- [EXERCISE GOAL] Reproduce the listing in full, pictures excluded.

- [DATA]
*** Begin section ***

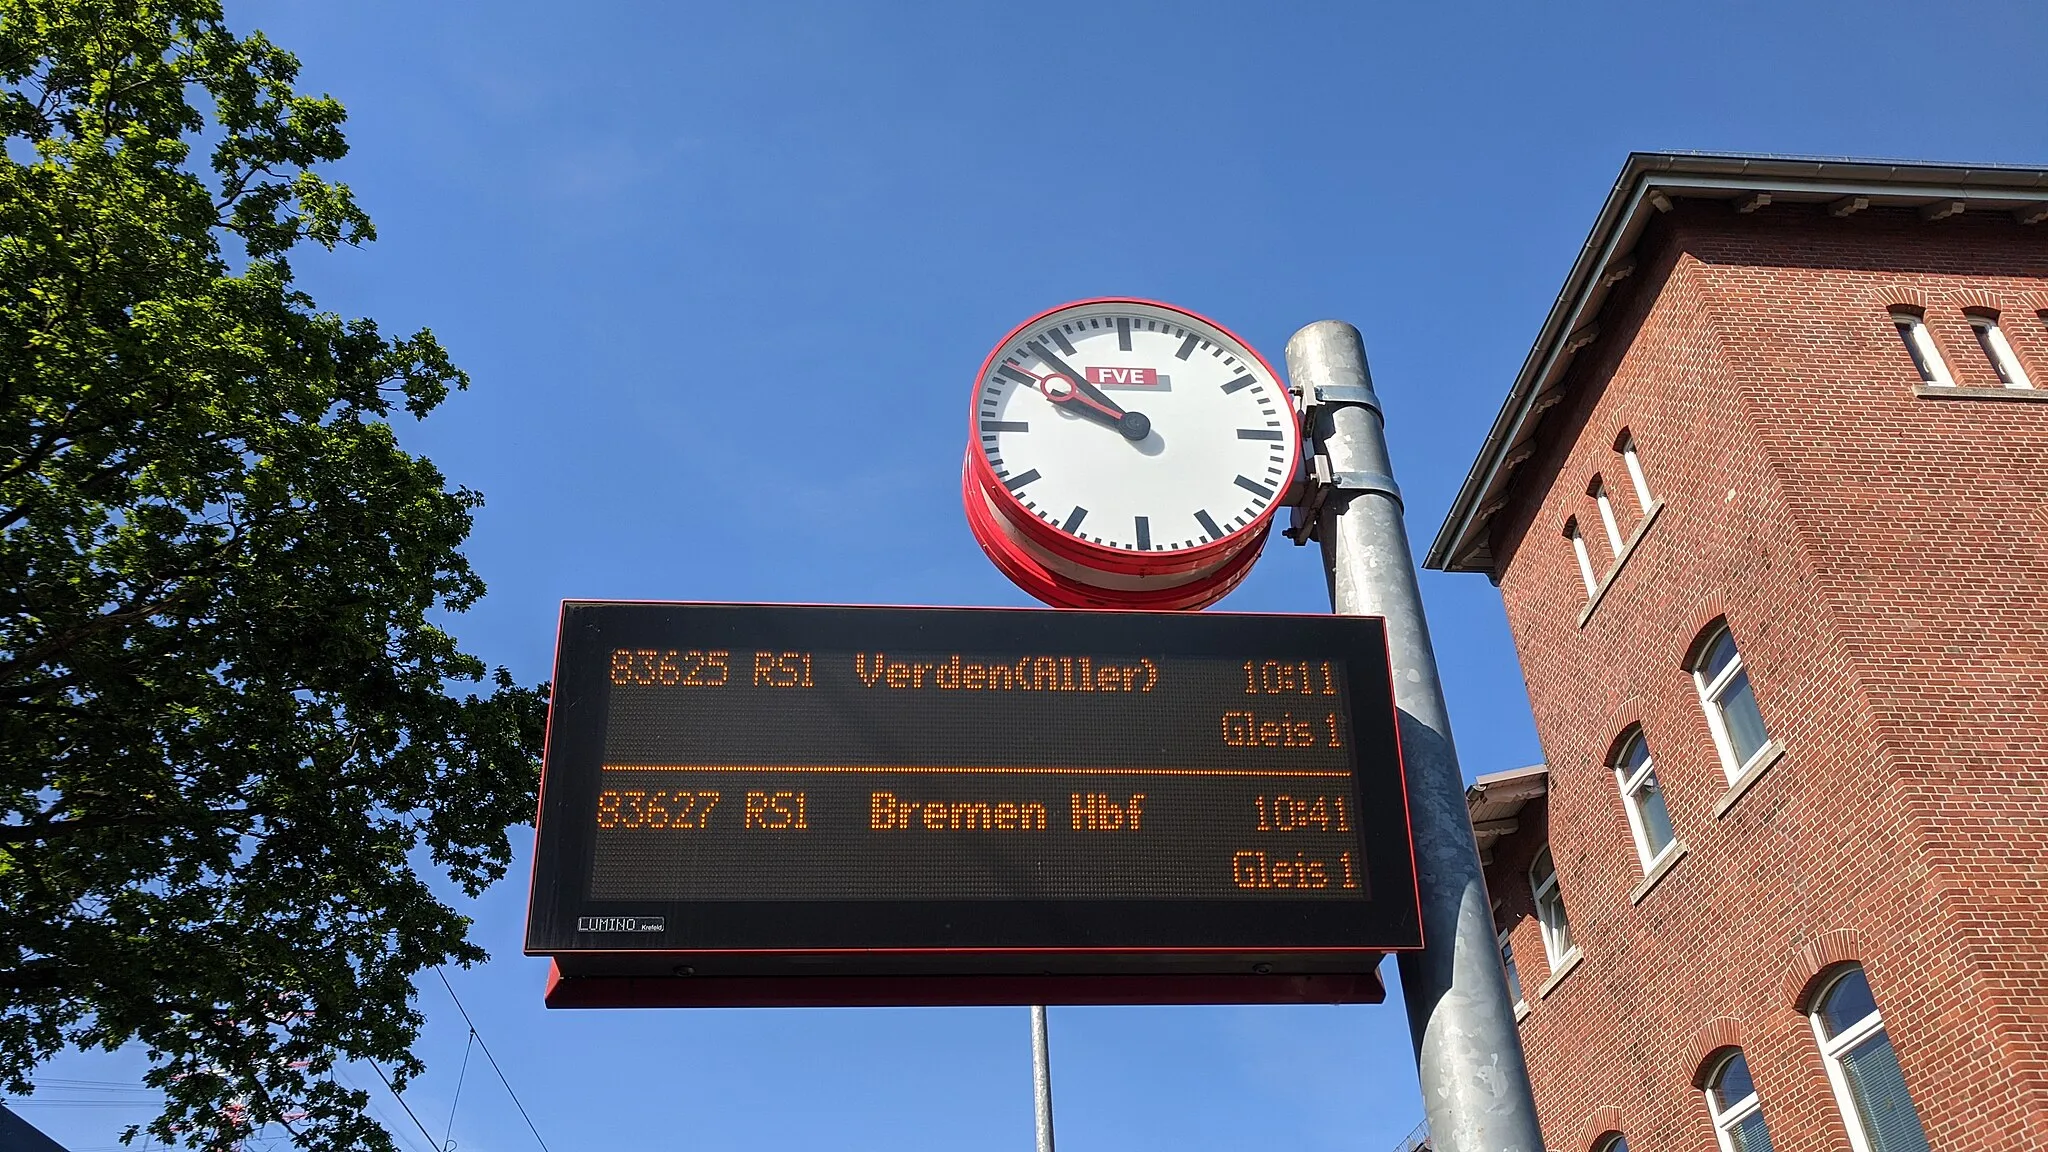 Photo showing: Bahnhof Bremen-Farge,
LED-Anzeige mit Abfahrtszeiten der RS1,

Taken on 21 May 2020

*** End section ***

- [SOLUTION TO THE PROBLEM]
 Photo showing: Bahnhof Bremen-Farge,
LED-Anzeige mit Abfahrtszeiten der RS1,

Taken on 21 May 2020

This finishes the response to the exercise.